Well, honestly, I don’t know. The Marine Conservation Society is saying something else entirely and from a personal point of view, I know that I’m not eating fish morning, noon and all through the night, so my conscience is clear. I reuse my plastic bags, I recycle to the letter of the law, I don’t eat red meat all the time, I’d buy an electric car if I could afford one and the world turns and turns and turns. I might not be stepping about in vegan friendly, tie-dyed hemp clothes, quaffing kombucha and refusing to eat anything that casts a shadow but at the same time, I do what I can as an omnivore in the first world. I eat a lot of beans (pfft), I bake bread and I only eat fish about once a week – now certified by my new app. Also, I quite like kombucha.
The sad fact is that, as consumers, we are at the bottom end of the food chain in terms of transparency and so it is incumbent on us to seek our own clarity. In an ideal world our government would only allow fish to be sold from sustainable stocks and so we wouldn’t have to worry about cod populations dying out.
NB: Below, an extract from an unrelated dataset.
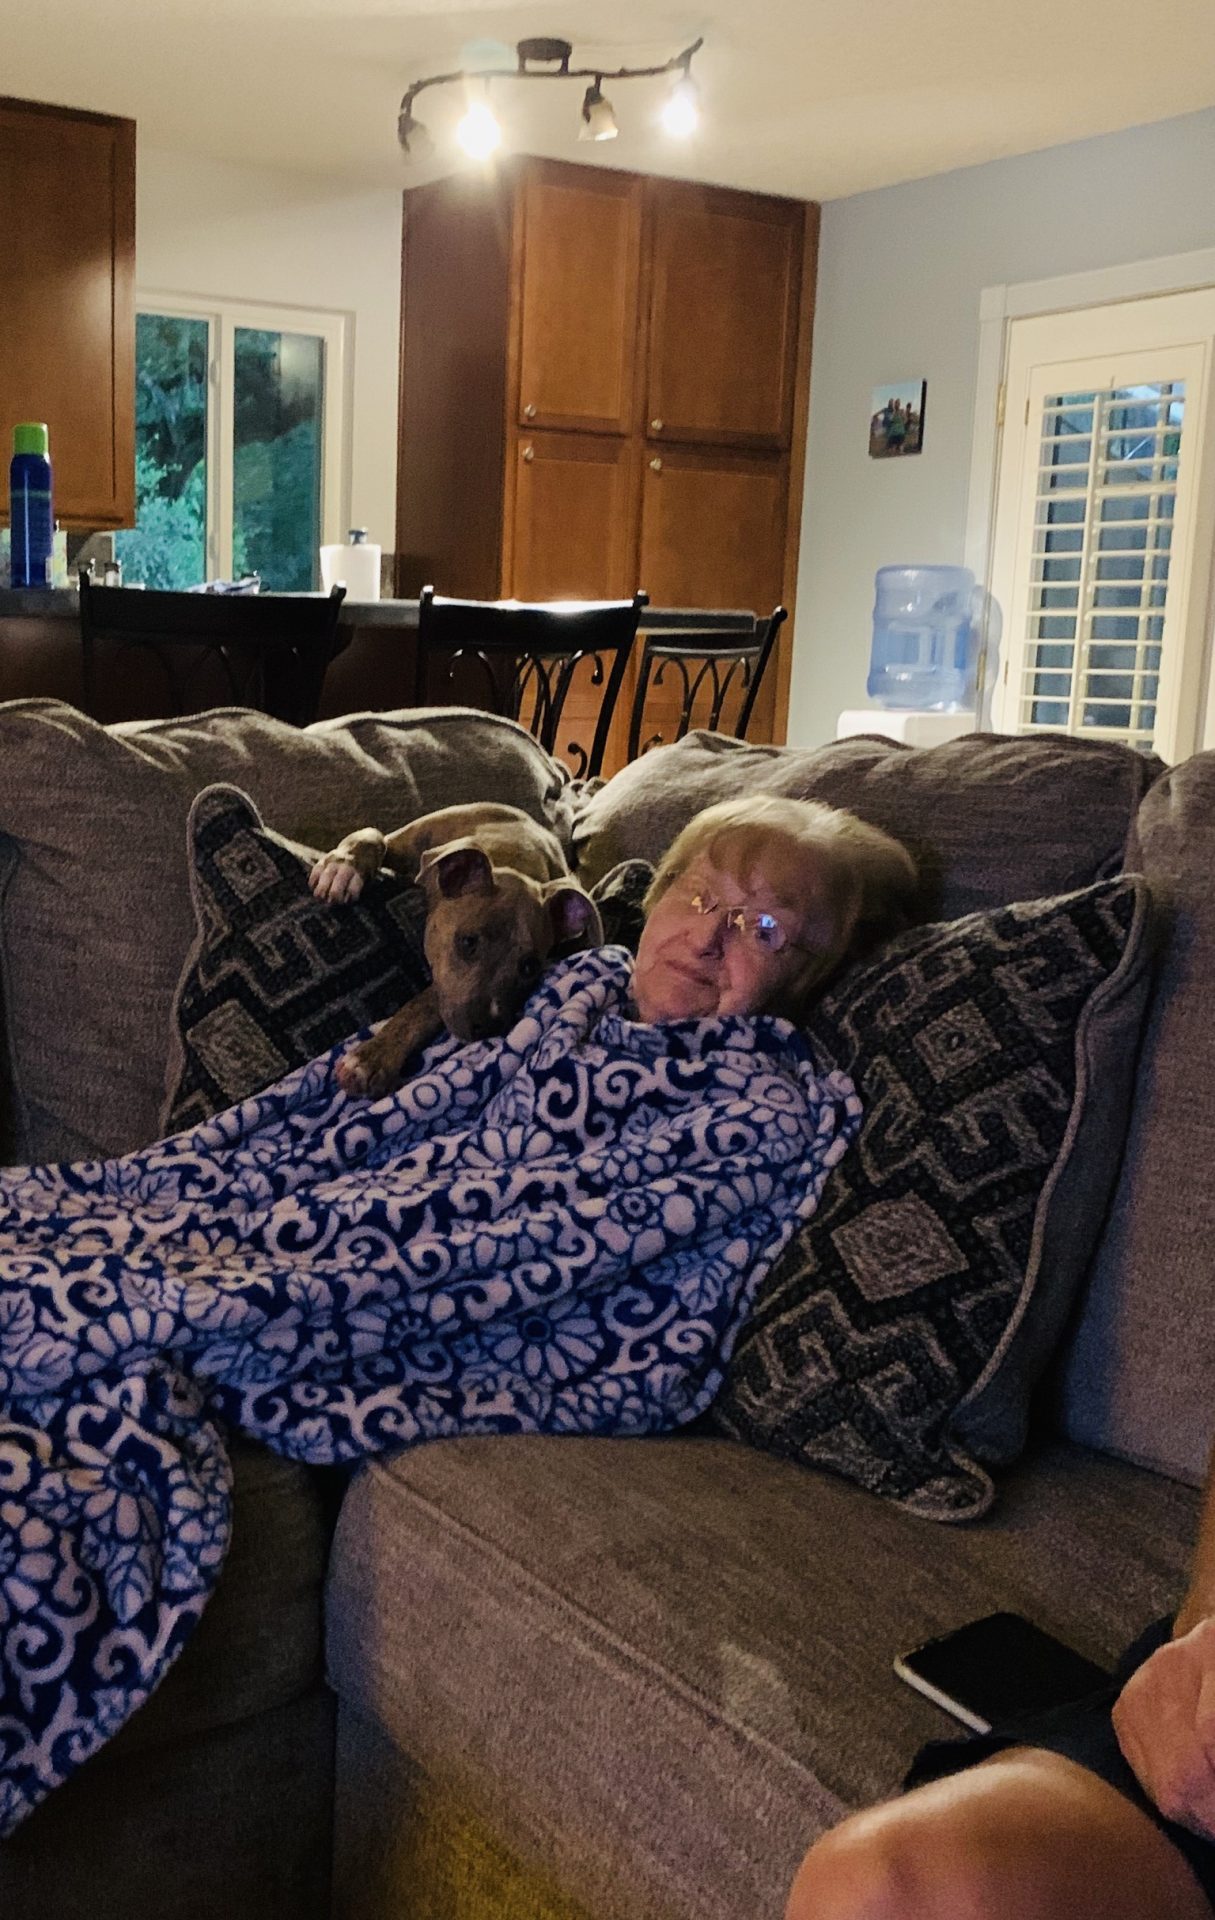 Willow loved hanging with grandma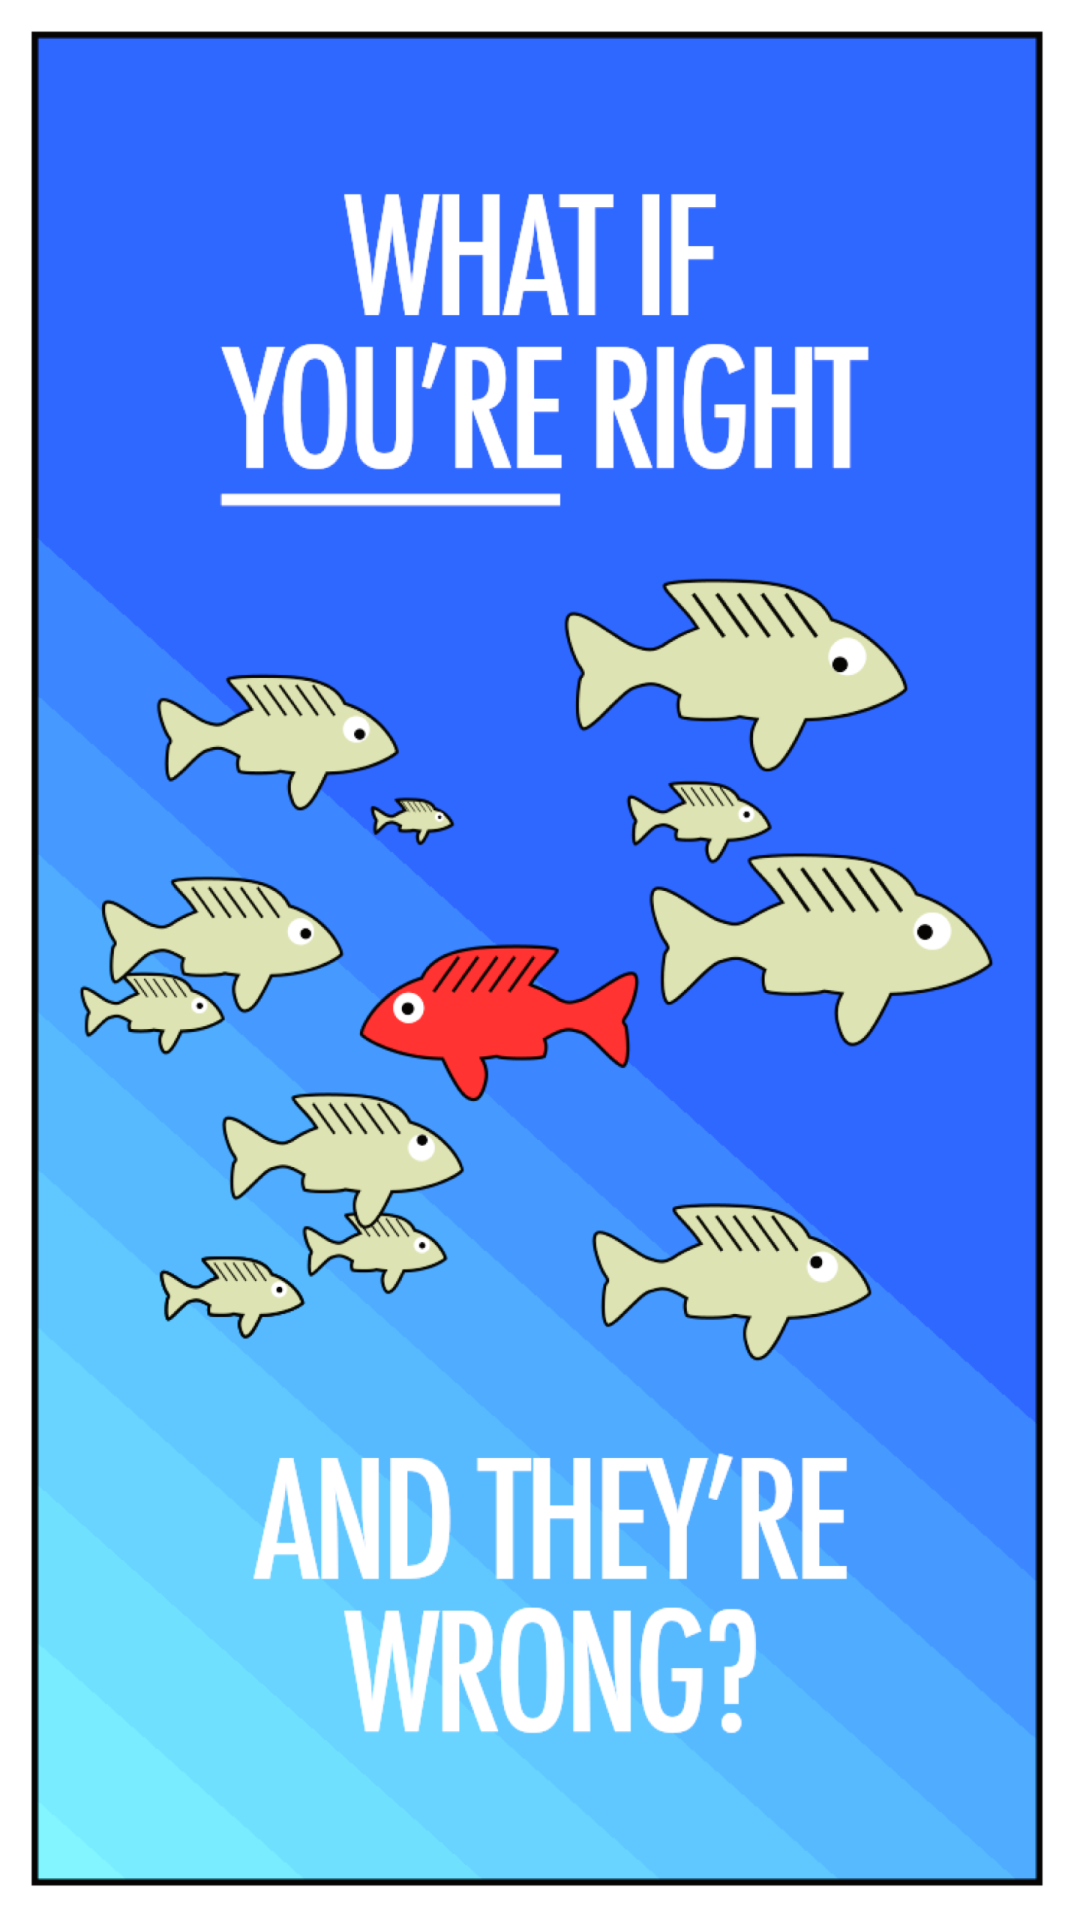 Remade The Fargo Fish Poster Real Quick With Proper Fish

But this isn’t an ideal world and, Jesus, Mary and Joseph on the donkey knows, we don’t have an ideal government. The onus is on us.
You’ll have noticed the picture of cod portions topped with a basil pesto crumb and baked on lemons and olive oil with some tomatoes thrown in for good measure. You’ll be glad to know that that fish was MSC certified and from Icelandic fishing grounds.
Alas, we’ve run out of room but if you fancy the recipe (it was satisfaction on a plate), drop me an email.
* Zander isn’t on the Good Fish Guide seeing as it’s a freshwater fish but it was the only one I could think of that starts with a ‘z’.